Ms. Sigei for the State opposed the application. She submitted that the sentence that was imposed on the Applicant fitted the crime. The Applicant had abused the position of trust that his employer had placed on him and stole the amounts that he was entrusted with. She further submitted that the trial court had taken into account the Applicant’s mitigation before it reached the decision to sentence the Applicant. The sentence was legal and proper. It should not be interfered with. She however conceded that the trial court did not indicate whether the sentences imposed would run concurrently or consecutively.
When the trial magistrate sentenced the Applicant to serve the custodial sentences, it was exercising judicial discretion. This court can only interfere with such exercise of discretion if it is established, either that the sentence was too harsh or too lenient in the circumstances. The court will also interfere with the imposition of the custodial sentence if it is established that the trial magistrate applied the wrong principles of the law in sentencing the Applicant or that the sentence was illegal. The Court of Appeal in Ahmad Abolfathi Mohammed & Another –vs- Republic Criminal Appeal No. 135 of 2016(unreported) held at Page 25 thus:
“As what is challenged in this appeal regarding sentence is essentially the exercise of discretion, as a principle this Court will normally not interfere with exercise of discretion by the court appealed from unless it is demonstrated that the court acted on wrong principle; ignored material factors; took into account irrelevant considerations; or on the whole that the sentence is manifestly excessive. In Bernard KimaniGacheru v. Republic, Cr App No.188 of 2000this Court stated thus:
“It is now settled law, following several authorities by this Court and by the High Court, that sentence is a matter that rests in the discretion of the trial court. Similarly, sentence must depend on the facts of each case. On appeal, the appellate court will not easily interfere with sentence unless, that sentence is manifestly excessive in the circumstances of the case, or that the trial court overlooked some material factor, or took into account, some wrong material, or acted on a wrong principle. Even if, the Appellate Court feels that the sentence is heavy and that the Appellate Court might itself not have passed that sentence, these alone are not sufficient grounds for interfering with the discretion of the trial court on sentence unless, any one of the matters already stated is shown to exist.”
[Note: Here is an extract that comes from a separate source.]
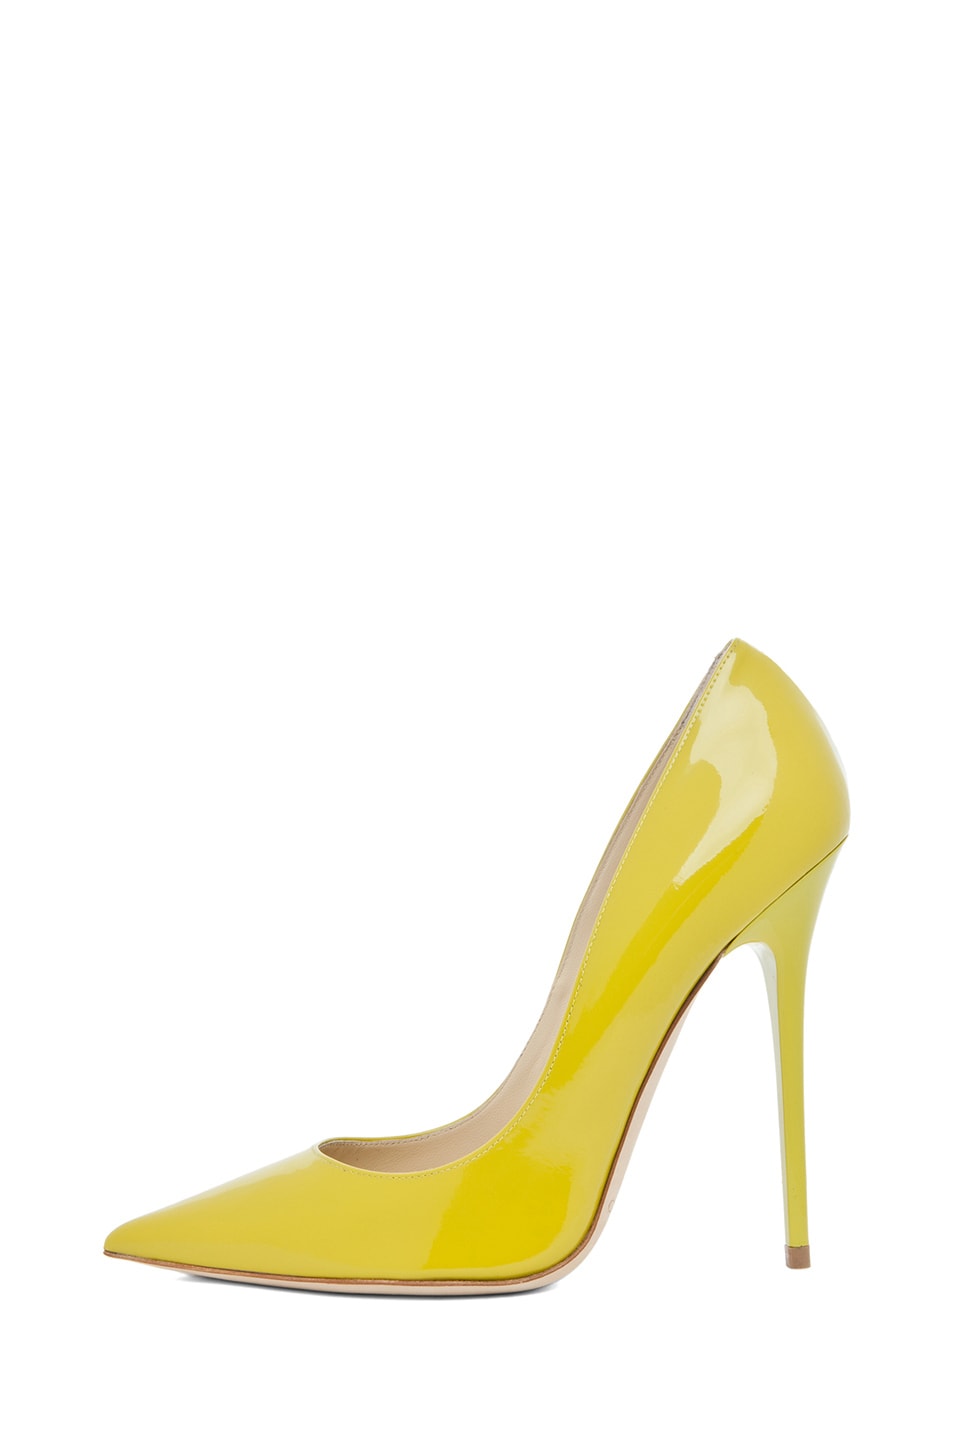 Image 1 of Jimmy Choo Anouk Pump in Citrine

In the present application, it was clear to this court that the trial court did not commit an error of principle or fail to take into consideration a relevant factor when it sentenced the Applicant to serve the sentences that were imposed. As stated above, this court cannot interfere with the exercise of judicial discretion by a trial court unless it is established that the court either sentenced the Applicant to serve a sentence that was harsh and excessive in the circumstances or that was too lenient as to attract interference by this court. The trial court took into account the serious nature of the charges facing the Applicant. It also considered the Applicant’s mitigation. The sentence imposed on the Applicant cannot be said to be harsh or excessive in the circumstances.
In the premises therefore, the Applicant’s application lacks merit and is hereby dismissed save that the default sentences imposed on him after failing to pay the fines imposed shall run concurrently instead of consecutively. It is so ordered.